Arbitration is a method of Alternative Dispute Resolution (ADR) the terms of which are agreed upon by the parties of a written contract well in advance of a legal dispute. Should the parties to the contract have a dispute, the arbitration provision will require that the dispute be heard and decided by an arbitrator, rather than handled through the court system. Arbitration became a popular business tool in the 1920’s, following the first Federal Arbitration Act, known as the FAA. 9 U.S.C. § 1 et seq. At that time, the American business community believed that litigation through the court system took too long and was too expensive.
Choosing an Arbitrator
At the beginning of the arbitration process, the parties in dispute chose the arbitrator(s) who will decide their case. Because the arbitrator will be deciding the legal issues in dispute, arbitrators are usually legally trained, although some arbitrators have not had formal legal training.

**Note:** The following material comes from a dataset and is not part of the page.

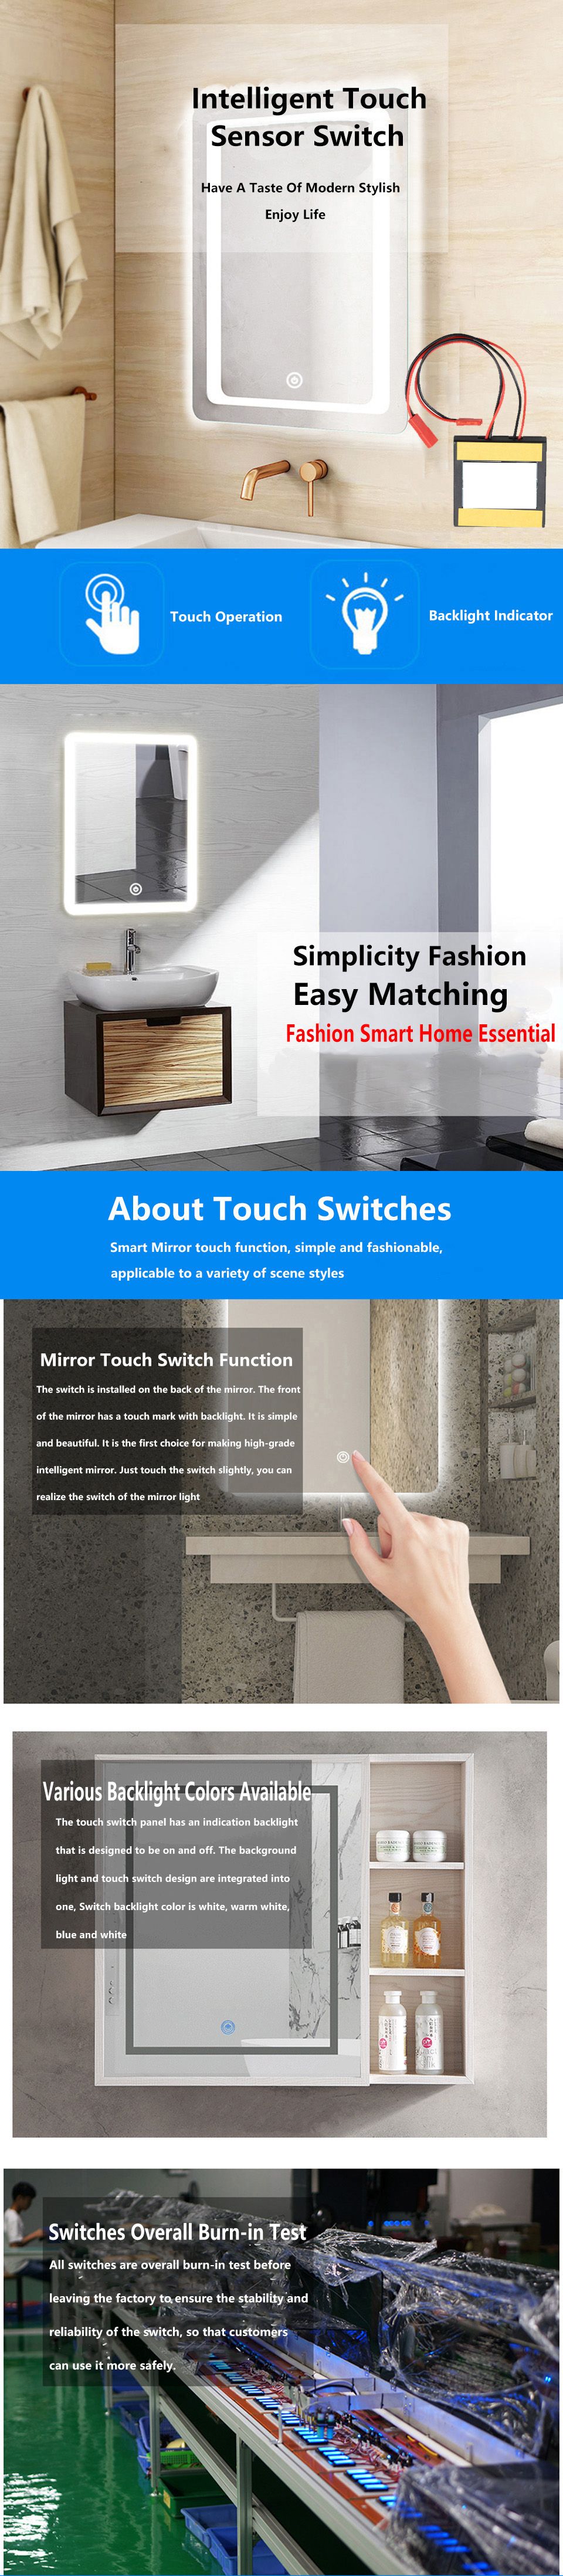 Bathroom-Mirror-Switch-3-Mode-12V-Touch-Switch-Sensor-For-Led-Light-Switch-Mirror-Headligh-Interior--1686296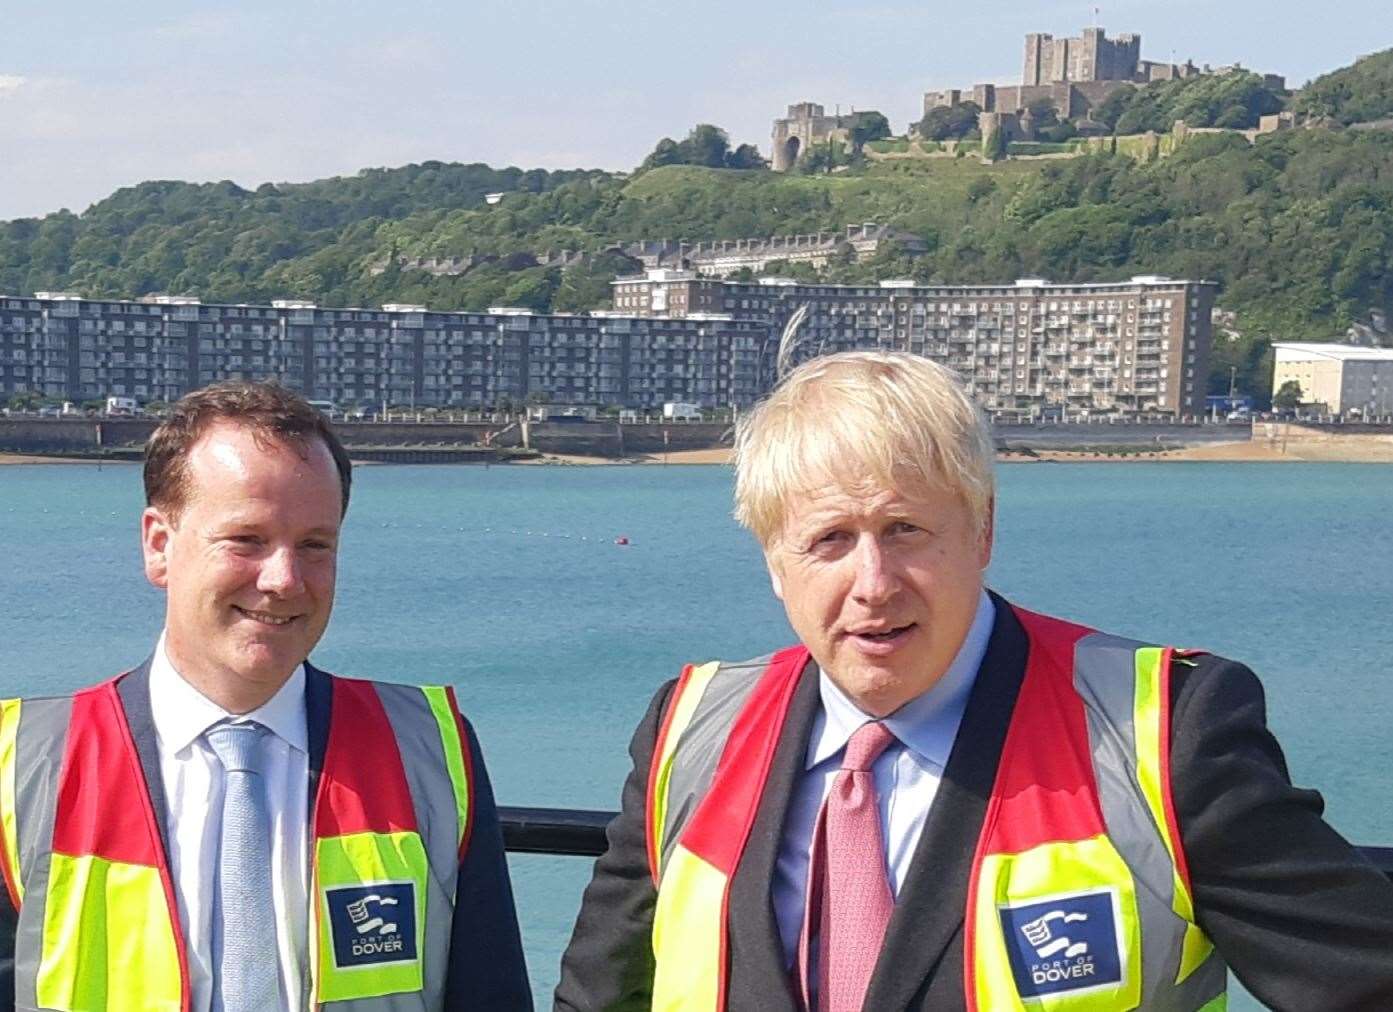 Mr Elphicke with Boris Johnson on his visit to Dover on July 11. This was a fortnight before Mr Johnson became Prime Minister

Nevertheless, parties are free to decide their own qualifications for an arbitrator in their arbitration agreement, and parties can ensure that arbitrators have specific industry experience, legal experience, and language proficiency to handle complex transactions that might be difficult for a judge, who hears cases related to many types of subject matters.
Many companies choose to use arbitration in order to limit the discovery process as a way to shorten disputes, as well as a way to protect confidentiality, limit class action liability, and avoiding the creation of new and binding precedent. One way that arbitration limits the cost and expense of normal litigation is that arbitration generally has no substantive appeal process, which means that the decision of the arbitrator is binding and the parties do not have a right to appeal the arbitrator’s decision. The award given by the arbitrator(s) is binding on the parties in the same way that a contract would be binding if signed by both parties.
Since the decision of the arbitrator is binding, parties can typically be assured that the case will not drag on and on through the appeals process, when they have agreed to binding arbitration. On the other hand, since the decision is binding, arbitration ordinarily does not allow for parties to appeal for review of the arbitrator’s decision, for parties who feel that the arbitrator did not apply the law correctly or in cases where they believe the arbitrator may have shown bias. The lack of an option to appeal can be a double-edged sword as it can be a great boon for parties who win, and quite frustrating for parties who lose.
Overall, parties who choose arbitration do so because they are looking to ensure that any future dispute will come to an end quickly, so that both parties can move on with their business and put the dispute firmly behind them. However, as arbitration became more popular for complex issues, it began to take longer and become more expensive, sometimes rivaling the normal litigation process.
Ultimately, parties must weigh the pros and cons of arbitration prior to entering into an agreement containing an arbitration provision. Parties must also keep in mind that while arbitration provisions take a lot of the guess work out of how a dispute will be handled, it can limit parties’ rights, especially in cases where a party is unable to appeal decisions of an arbitrator, when that party believes that an arbitrator made a mistake in its analysis and conclusion.